A scavenge partition is available on all of our clusters. It allows you to (a) run jobs outside of your normal limits (e.g. QOSMaxCpuPerUserLimit) and (b) use unutilized cores, if available, in any private partition on the cluster. You can also use the scavenge partition to get access to unused cores in special purpose partitions, such as the "gpu" or "mpi" partitions, and unused GPUs in private partitions.

However, any job running in the scavenge partition is subject to preemption if any node in use by the job is required for a job in the node's normal partition. This means that your job may be killed without advance notice, so you should only run jobs in the scavenge partition that either have checkpoint capabilities or that can otherwise be restarted with minimal loss of progress.

Warning

Not all jobs are a good fit for the scavenge partition, such as jobs with long startup times or jobs that run a long time between checkpoint operations.

Automatically Requeue Preempted Jobs

If you would like your job to be automatically added back to the queue if preempted, you can add the --requeue flag to your submission script.

#SBATCH --requeue

Be aware that your job, when started from a requeue, will still re-run the entire original submission script. It will only resume progress if your program has the its own ability to checkpoint and restart from previous progress.

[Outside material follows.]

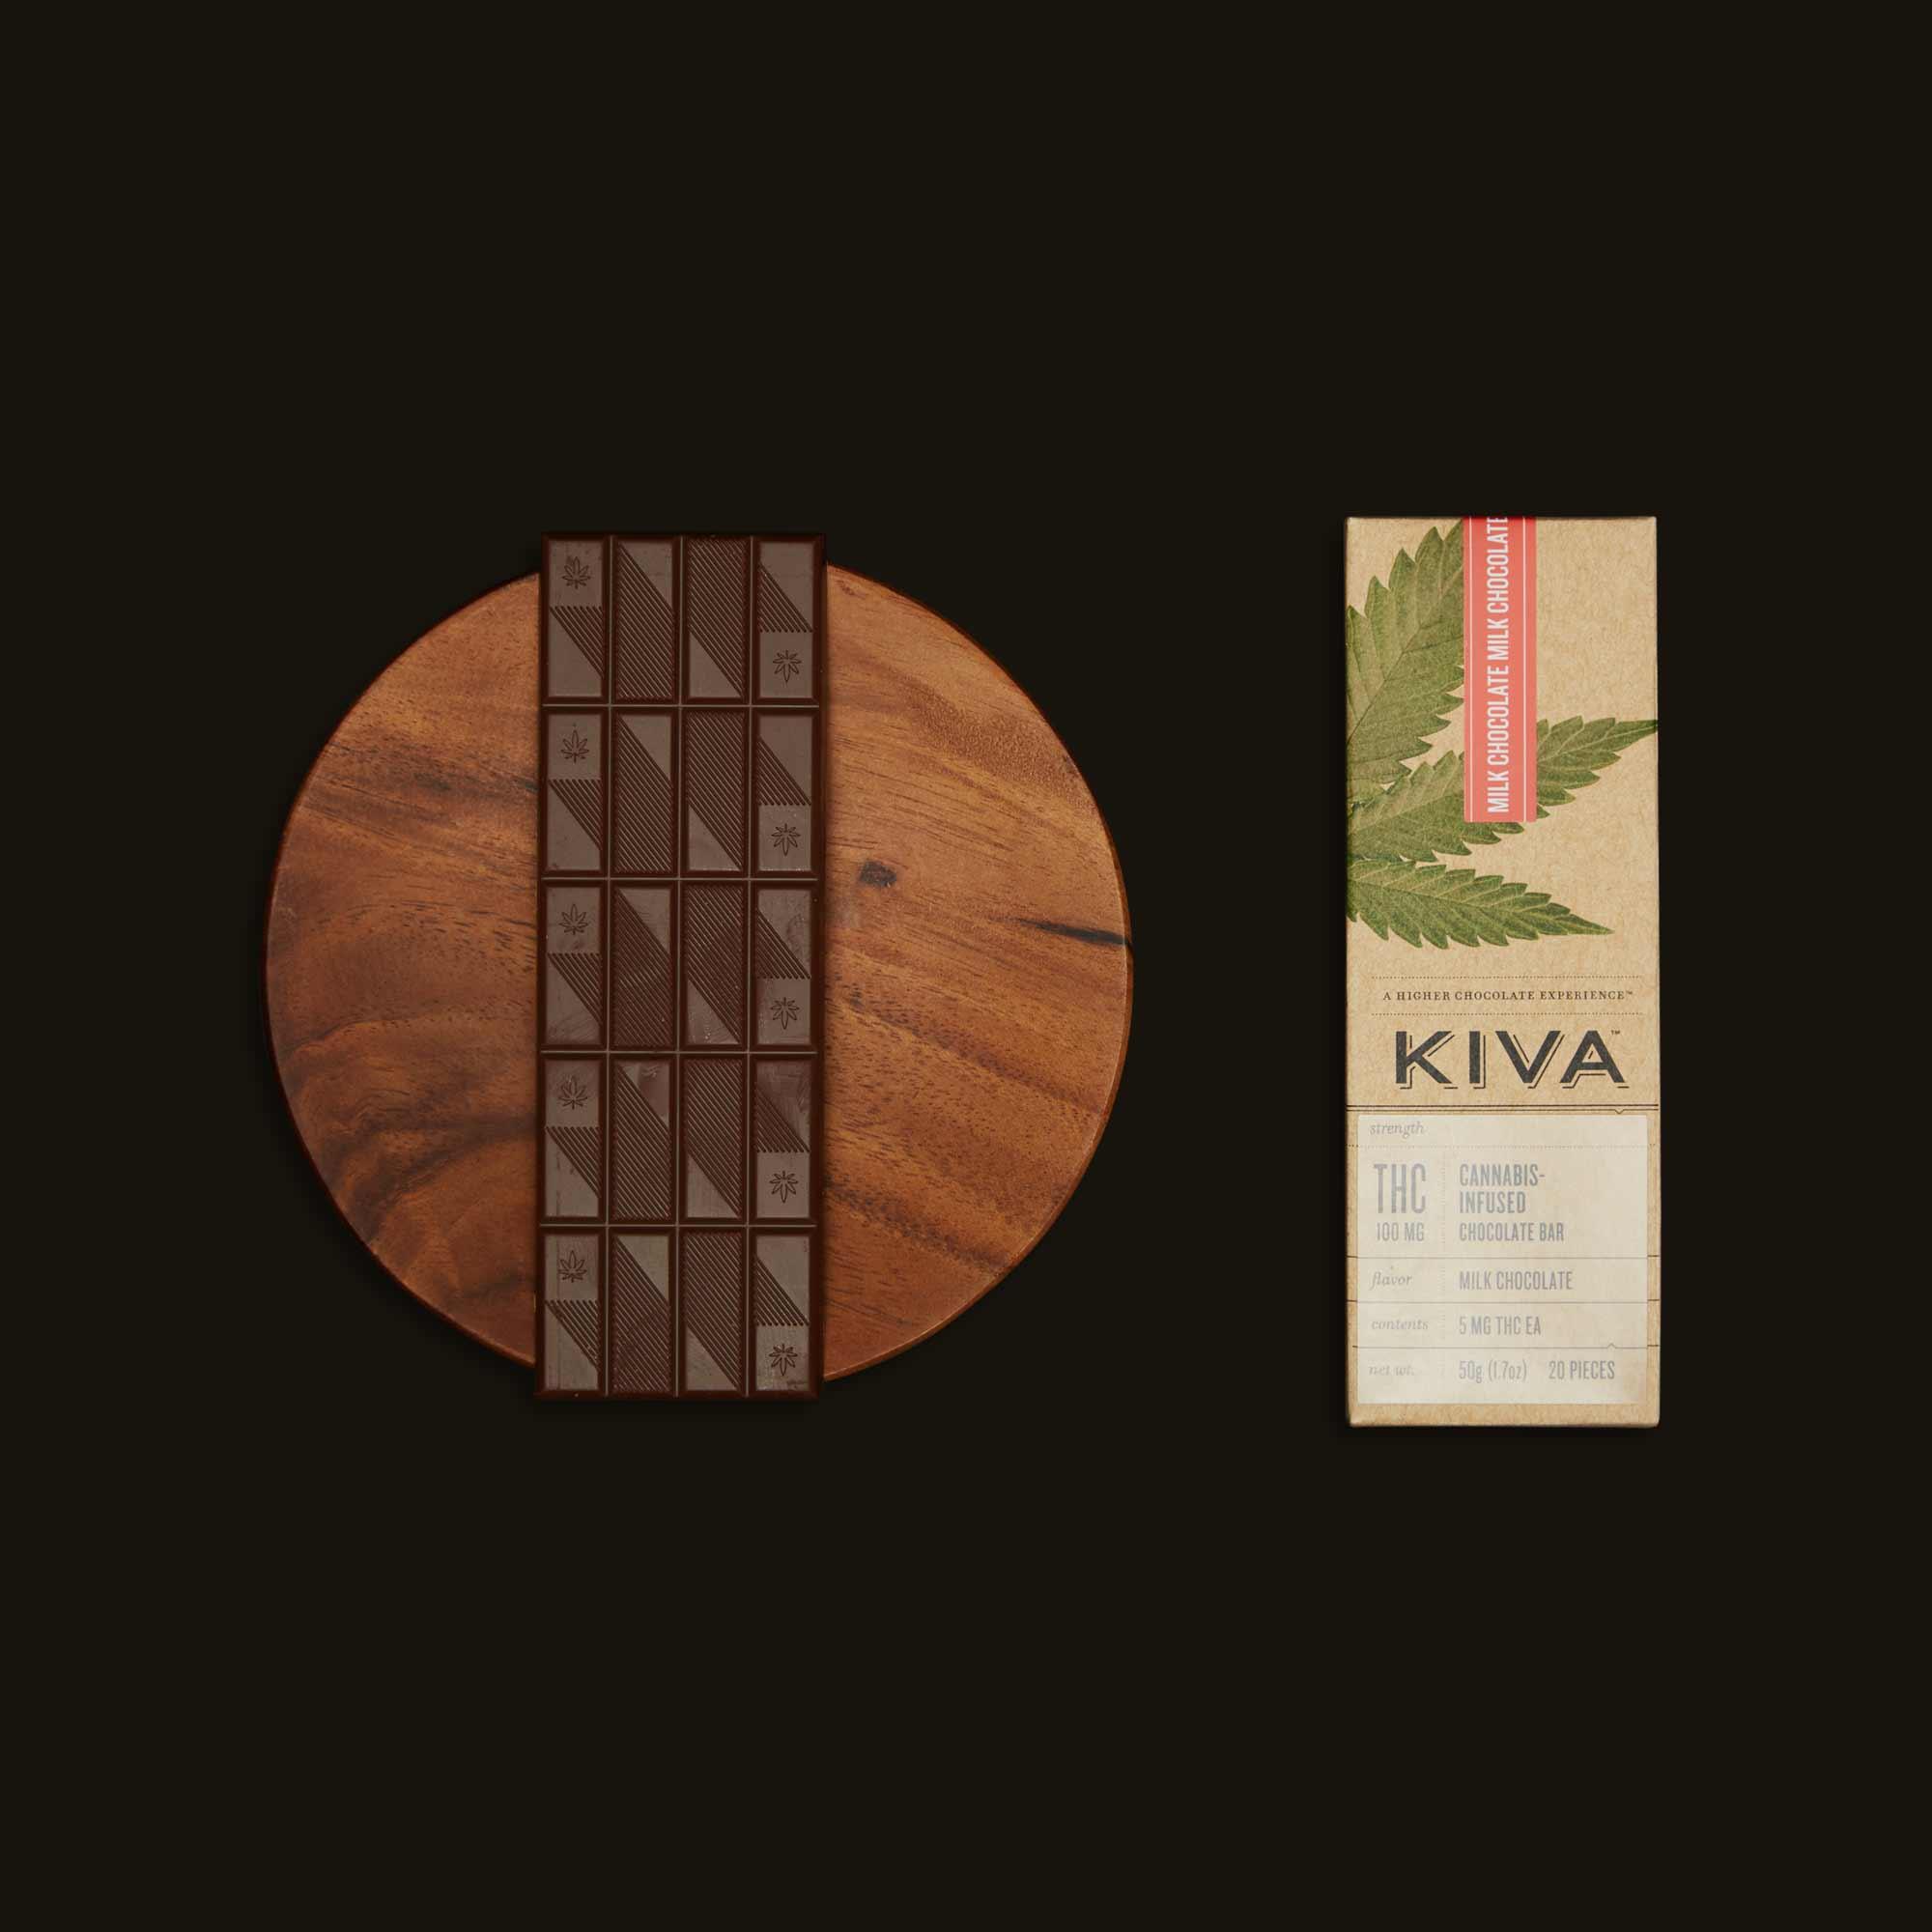 kiva milk Chocolate Bar as reviewed

Track History of a Requeued Job

When a scavenge job is requeued after preemption, it retains the same job id. However, this can make it difficult to track the history of the job (how many times it was requeued, how long it ran for each time). To view the full history of your job use the --duplicates flag for the sacct command.

sacct -j <jobid> --duplicates

Scavenge GPUs

On Grace and McCleary, we also have a scavenge_gpu partition, that contains all scavenge-able GPU enabled nodes and has higher priority for those node than normal scavenge. In all other ways (e.g. preemption, time limit), scavenge_gpu behaves the same as the normal scavenge partition. You can see the full count of GPU nodes in the Partition tables on the respective cluster pages.

Scavenge MPI Nodes

On Grace, we have a scavenge_mpi partition, that contains all scavenge-able nodes similar to the mpi partition and has higher priority for those node than normal scavenge. scavenge_mpi is subject to the same preemption model as scavenge and the same use case restrictions as the regular mpi partition (multi-node, tightly couple parallel codes). You can see the full count of MPI nodes in the Partition tables on the respective cluster pages.

Research Available Nodes

If you are interested in specific hardware and its availability, you can use the sinfo command to query how many of each type of node is available and what features it lists. For example:

sinfo -e -o "%.6D|%c|%G|%b" | column -ts "|"

will show you the kinds of nodes available, and

sinfo -e -o "%.6D|%T|%c|%G|%b" | column -ts "|"

will break out how many nodes in each state (e.g. allocated, mixed, idle) there are. For more options see the official sinfo documentation.

Last update: October 20, 2023